Depuis quelques mois, de nombreuses associations féministes (mais pas uniquement) menaient un combat pour faire entrer plus de femmes au Panthéon. Leur collectif pour des femmes au Panthéon propose une liste de grandes Femmes où l'on retrouve Louise Michel, Olympe de Gouges, Simone de Beauvoir et aussi Germaine Tillion. On peut penser que leur lobby a porté ses fruits puisqu'avec ces nouvelles entrées, le nombre de femmes au Panthéon va doubler ! Autre grande nouveauté, les deux femmes qui entreront, entreront seules, sans leur époux, contrairement aux deux précédentes femmes, Marie Curie et Sophie Berthelot.
Je ne pense pas qu'il faille chercher à tout prix à atteindre une parité sous le dôme et dans la crypte du Panthéon, surtout que les premiers à y être entrés (Voltaire et Rousseau), l'ont fait respectivement en 1791 et 1794. Cela fait un sacré retard à rattraper. En revanche, j'aime l'idée que Bruno Nassim Aboudrar, professeur d'université, a développé dans une tribune pour Libération en janvier dernier. Pour ce professeur, il n'est pas obligatoire de chercher une "Grande Femme" à faire entrer au Panthéon mais une de ces femmes anonymes qui se sont battues pour leur pays. L'auteur de la tribune souligne que nombreux des 70 locataires du Panthéon sont d'illustres inconnus alors pourquoi ne pas rendre hommage à femmes dont le nom ne sont pas connus de la majorité des Français :
Jugées à l’aune de la majorité des hôtes de la sépulture, ce n’est pas Tillion ou Joséphine Baker qu’il y faudrait faire rentrer, mais telle infirmière dévouée, telle financière avisée (elle tiendrait compagnie à Jean-Frédéric Perregaux, directeur de la Banque de France), une magistrate. Mais, quand il suffit à un homme d’avoir été «grand», et souvent très petitement grand, il faut à une femme avoir été immense pour que sa dépouille prétende à la reconnaissance de la patrie.

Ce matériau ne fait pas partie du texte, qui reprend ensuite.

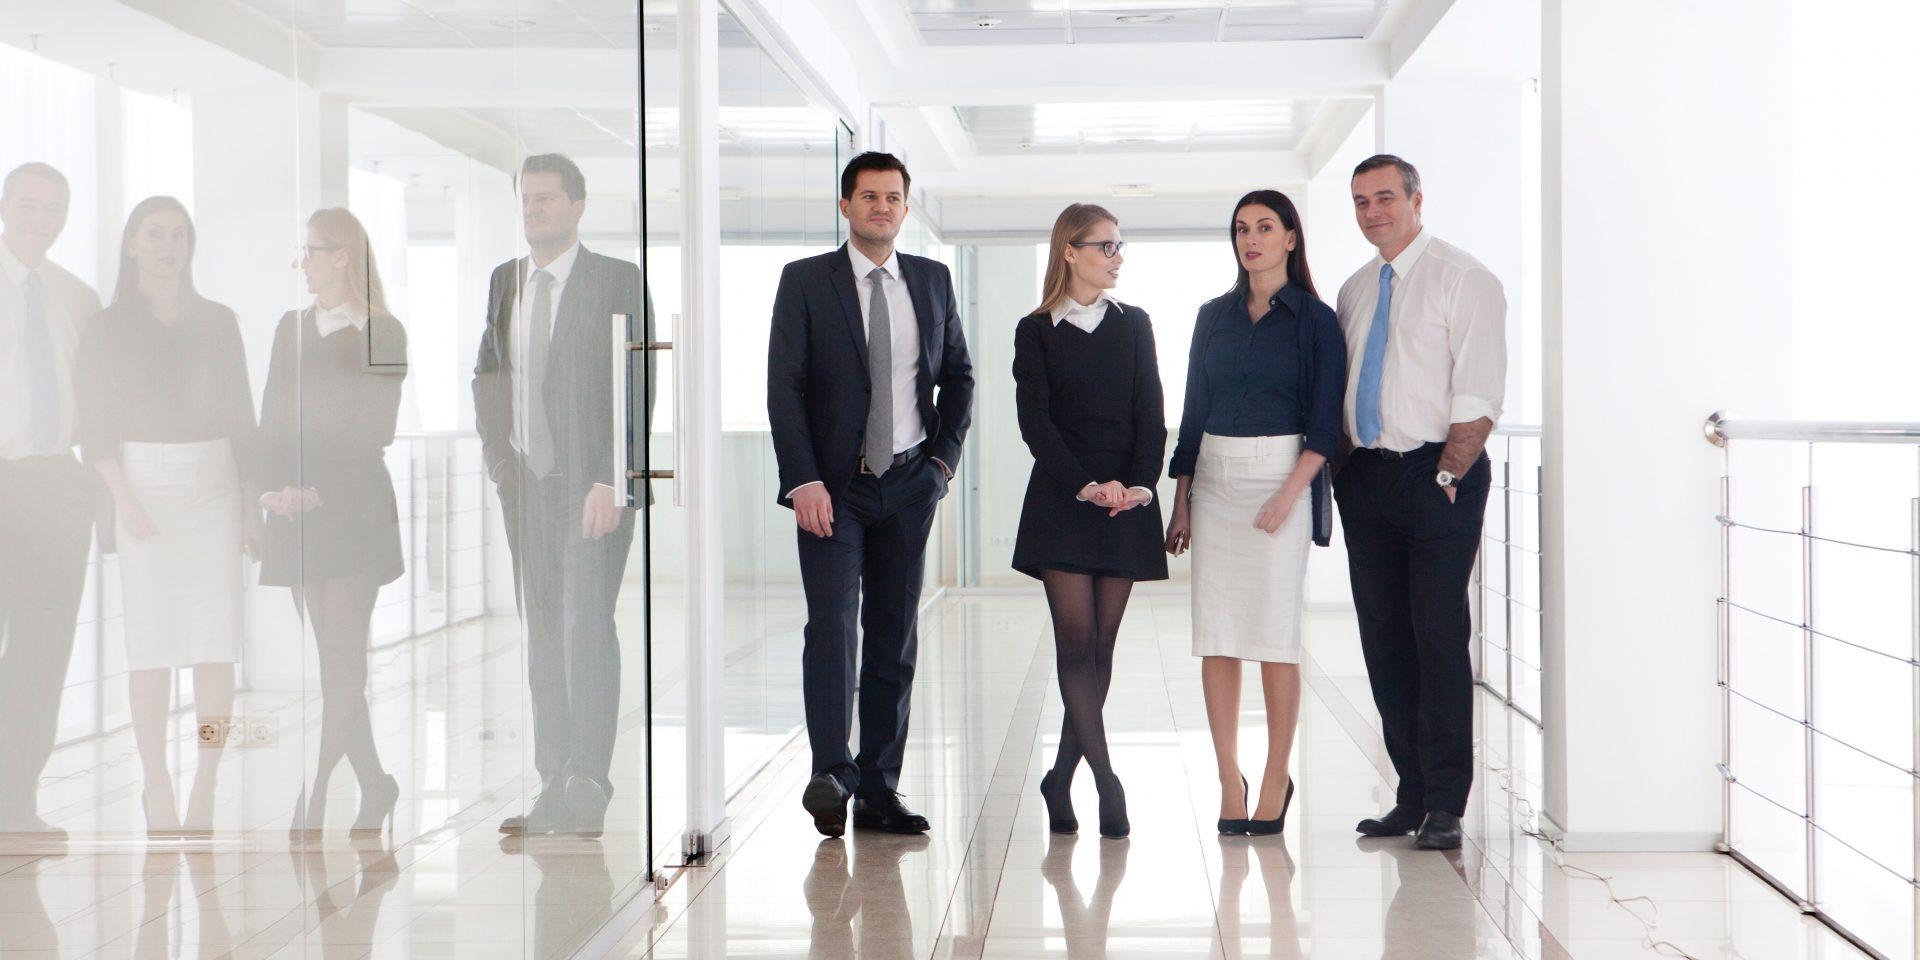 外国人ビジネスマン男女4人

A défaut de suivre ces conseils, soulignons le choix de François Hollande de vouloir faire entrer 2 grandes Femmes. Nous ne sommes pas obligés de faire du nombre en transférant de nombreuses femmes pour corriger les choix du passé. En revanche, il est un symbole de vouloir faire entrer à présent soit que des femmes, soit un nombre égal de femmes et d'hommes. Ainsi la mère Patrie pourra être reconnaissante de ses fils comme de ses filles.
Ginette Lacaze, ma vieille voisine qui ne va pas tarder à mourir, me charge de vous faire savoir qu'elle irait volontiers au Panthéon, dans la mesure où, toute sa vie, elle a sublimement réussi le bœuf en daube.

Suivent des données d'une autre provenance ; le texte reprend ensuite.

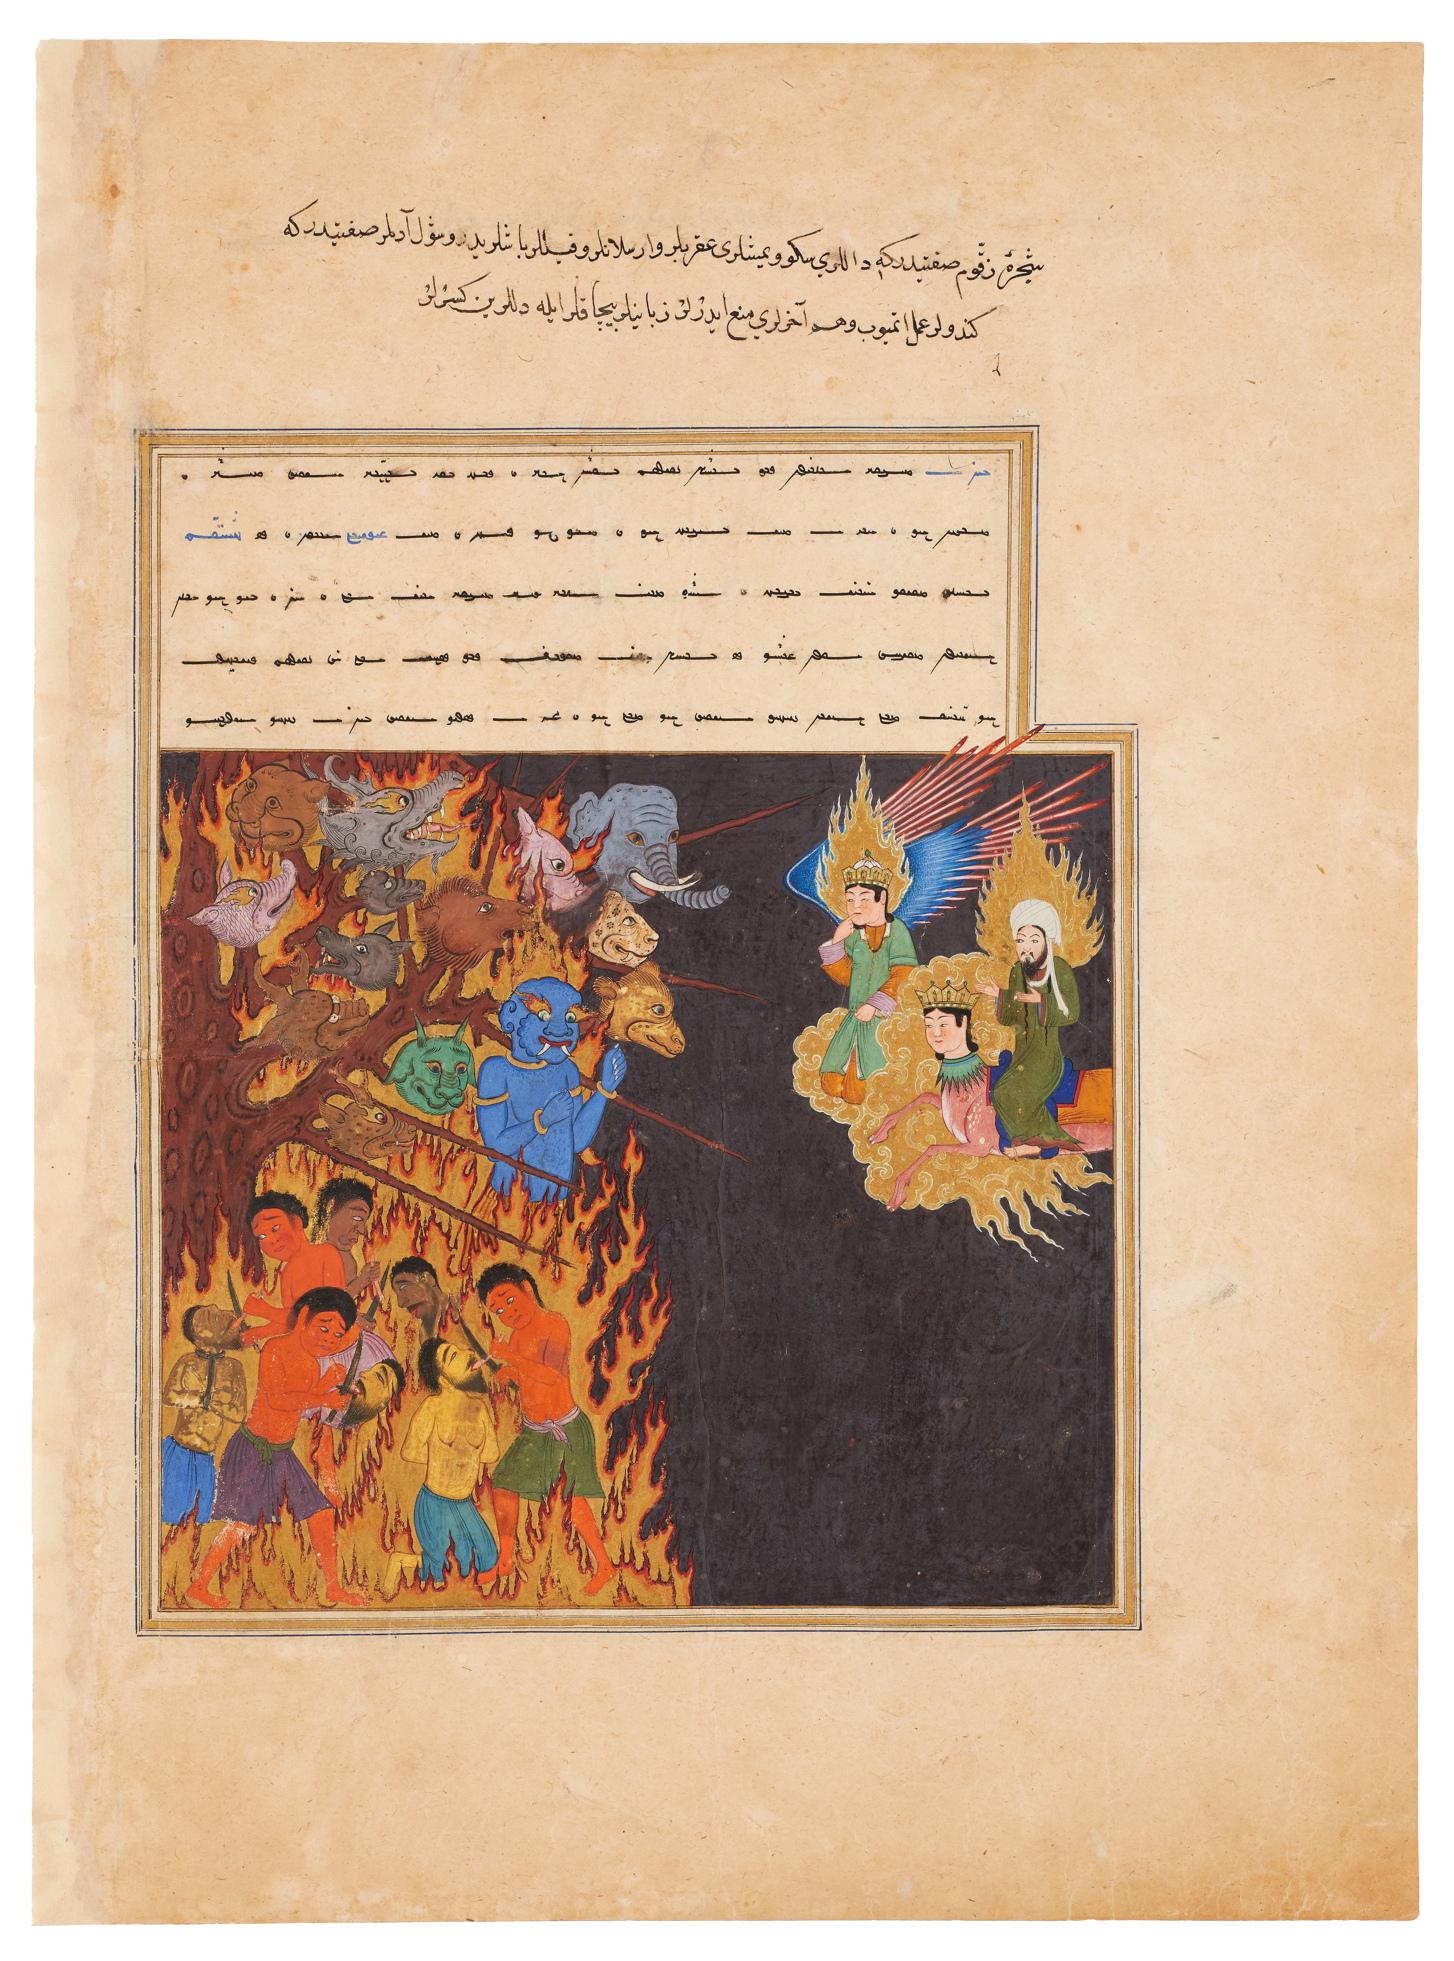 Hel – leeswerk arabisch en islam

RépondreSupprimerJ'appuie bien évidemment sa requête, on ne peut plus légitime.
Le boeuf en daube, ça devrait plaire aux locataires du lieu, ça les changerait des pissenlits par la racine
SupprimerNon. (avec tout mon respect pour Ginette).
RépondreSupprimerIl va dans le sens de l'auteur de la tribune qui concluait en proposant de prendre des femmes au hasard...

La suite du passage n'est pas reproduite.